In this case you must be careful about what function you are talking about and how you are differentiating. Technically, you have now defined a new function of a single variable:
$$g(x) = C(x, y(x))$$
And, the derivative of $g$ is given by:
$$g'(x) = \frac{\partial C}{\partial x}+ \frac{\partial C}{\partial y}y'(x)$$
It would make no sense, of course, to take the gradient of $g$. And:
$$g'(x_0) = \frac{\partial C}{\partial x}(x_0, y(x_0)) + \frac{\partial C}{\partial y}(x_0, y(x_0))y'(x_0)$$

However, you have another function which is the gradient of $C$:
$$\nabla C = \frac{\partial C}{\partial x} \hat x + \frac{\partial C}{\partial y} \hat y$$
Note that this function is also a function of two variables. And, you can now define another function by:
$$h(x) = \nabla C(x, y(x)) = \frac{\partial C}{\partial x}(x, y(x)) \hat x + \frac{\partial C}{\partial y}(x, y(x)) \hat y$$
And, of course:
$$h(x_0) = \nabla C(x_0, y(x_0)) = \frac{\partial C}{\partial x}(x_0, y(x_0)) \hat x + \frac{\partial C}{\partial y}(x_0, y(x_0)) \hat y$$
In the context of your question, therefore, you need to decide which function you are dealing with: $g$ or $h$.

 

[SchroedingersLion]

Thanks for the responses!

The two of you seem to disagree about my own interpretation what to do.

@PeroK
I should have noted that $x$ and $y$ are each in $R^d$ so the partial derivatives should be gradients.
From your explanations, I still don't see what the subscript then means in $\nabla_x$. If $C(x, y(x))$ implies the redefinition of $C(x,y)$ as a function $g(x)$, then the subscript of the gradient would be useless, right?
Therefore, my original idea:

From my point of view, this means that you take the partial derivative of $C(x,y)$ with respect to x and then insert $y(x_0)$ for $y$, and $x_0$ for $x$.

 

[PeroK]

Thanks for the responses!

The two of you seem to disagree about my own interpretation what to do.

@PeroK
I should have noted that $x$ and $y$ are each in $R^d$ so the partial derivatives should be gradients.
From your explanations, I still don't see what the subscript then means in $\nabla_x$. If $C(x, y(x))$ implies the redefinition of $C(x,y)$ as a function $g(x)$, then the subscript of the gradient would be useless, right?
Therefore, my original idea:

Okay, so you actually have a function of two vector variables: $C(\vec x, \vec y) = C(x_1, x_2, x_3, y_1, y_2, y_3)$.

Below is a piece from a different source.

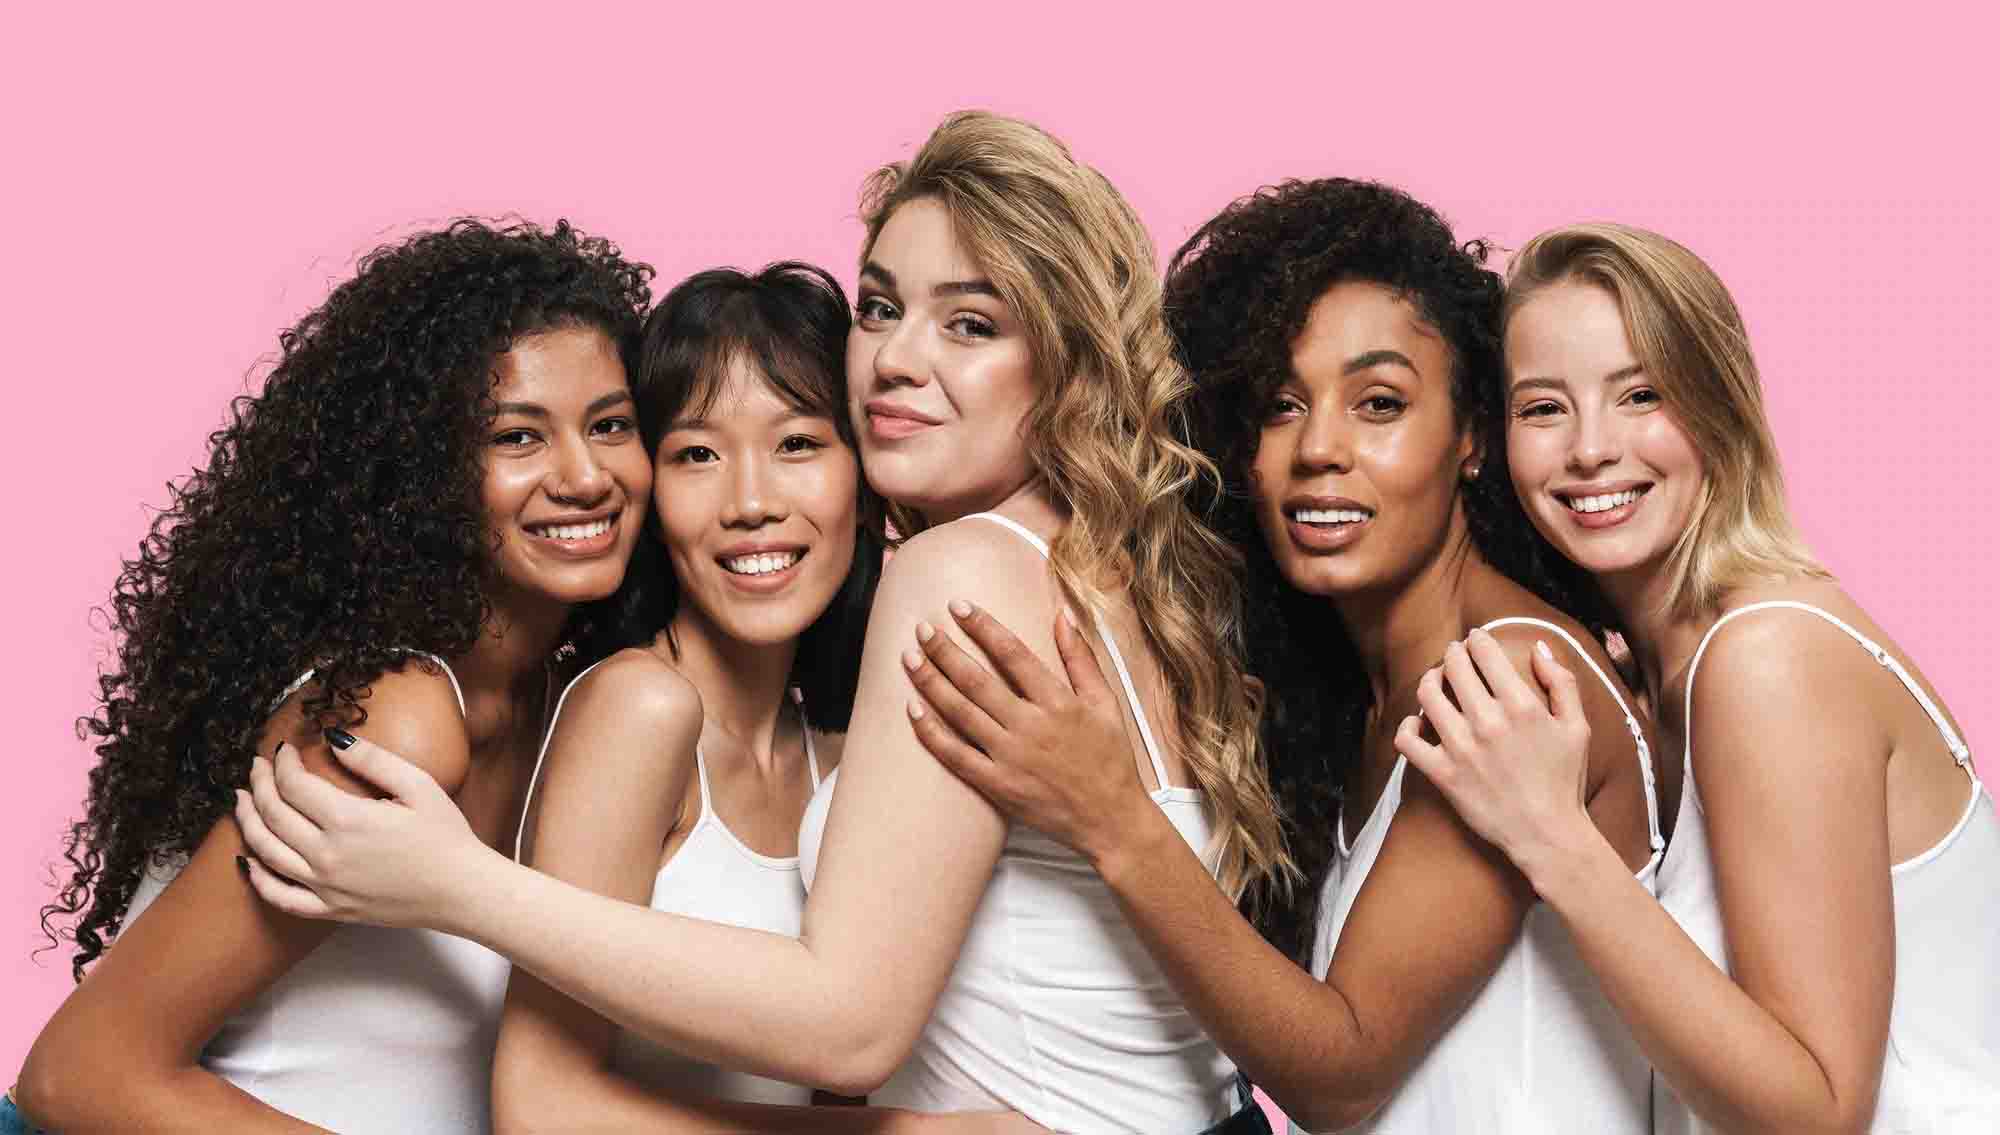 Five women embracing eachother and smiling

There's the same issue. Are you first reducing $C$ to a function of a single vector $\vec x$, using $\vec y = \vec y(\vec x)$? Or, are you taking the gradient of $C$ with respect to $\vec x$ and then plugging in $\vec x_0, \vec y_0$?

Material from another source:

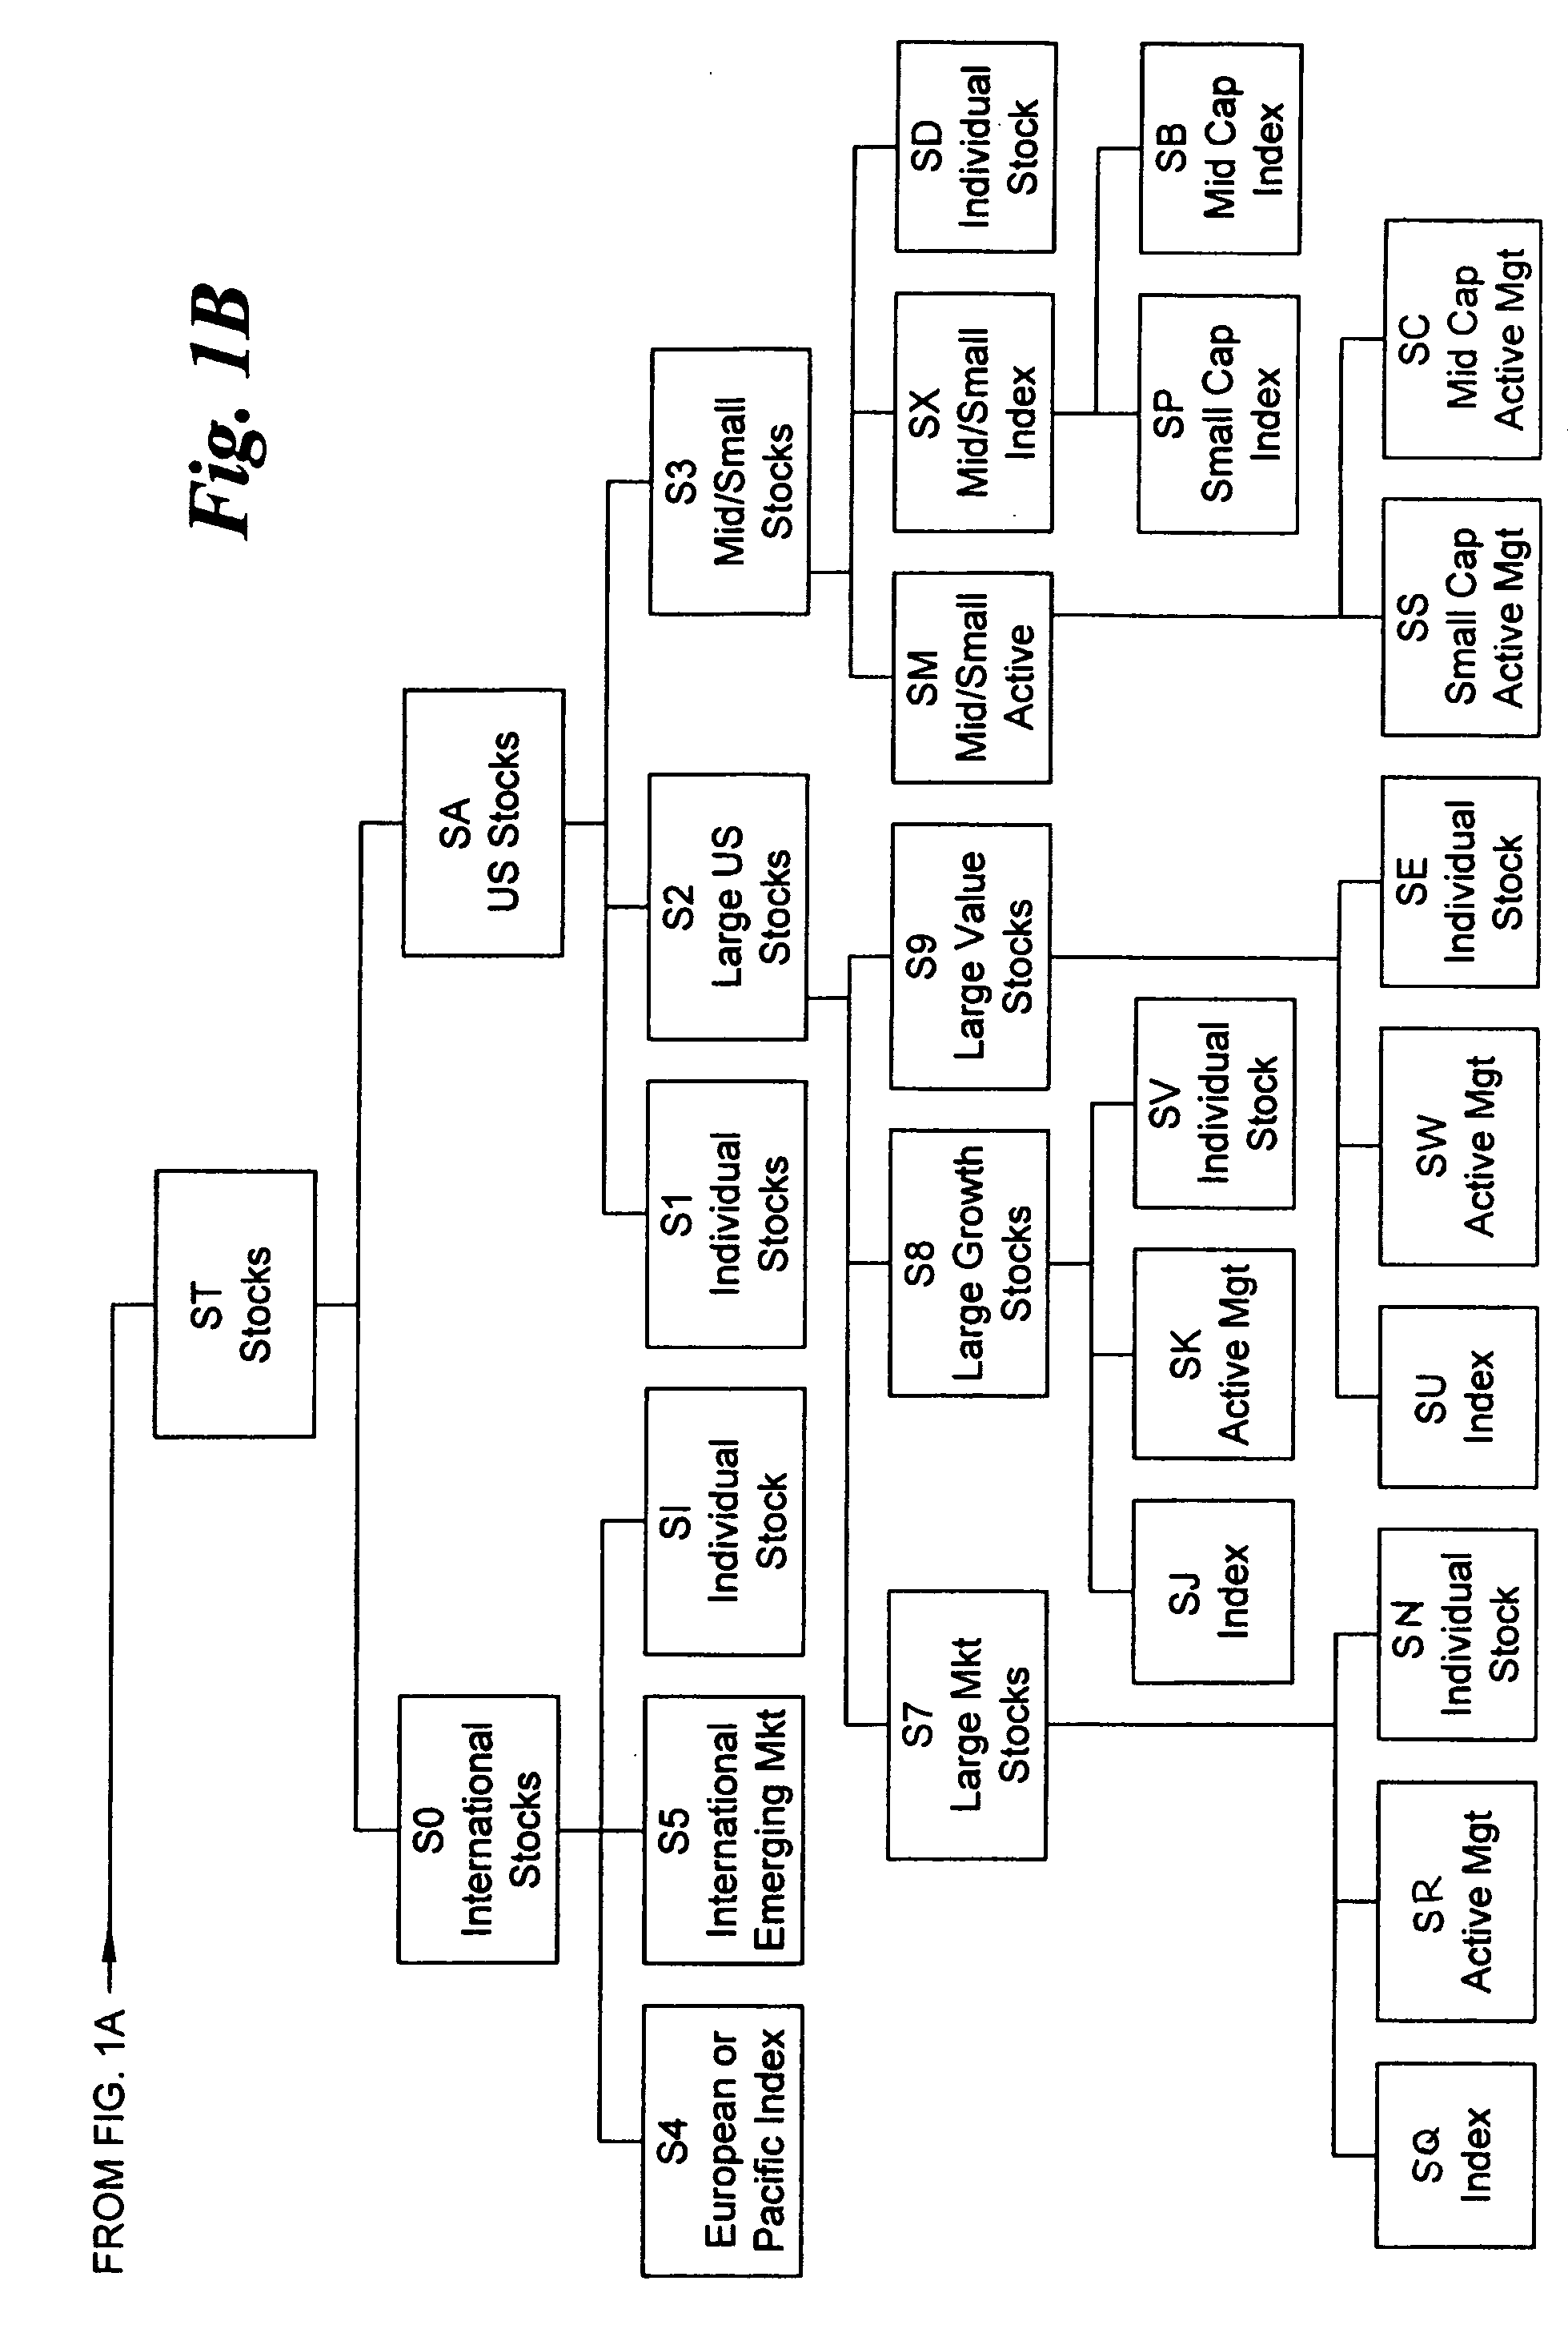 System and method for automating investment planning

Which one of these it is depends on the context of what you are doing.

 

[SchroedingersLion]

Okay, so you actually have a function of two vector variables: $C(\vec x, \vec y) = C(x_1, x_2, x_3, y_1, y_2, y_3)$.

There's the same issue. Are you first reducing $C$ to a function of a single vector $\vec x$, using $\vec y = \vec y(\vec x)$? Or, are you taking the gradient of $C$ with respect to $\vec x$ and then plugging in $\vec x_0, \vec y_0$?

Which one of these it is depends on the context of what you are doing.

That's essentially what I don't know. I had hoped there was some clear convention =(

 

[PeroK]

That's essentially what I don't know. I had hoped there was some clear convention =(

I don't think it's a matter of convention. It's a matter of the author being unambiguous. You should be able to work out which one it is from what follows.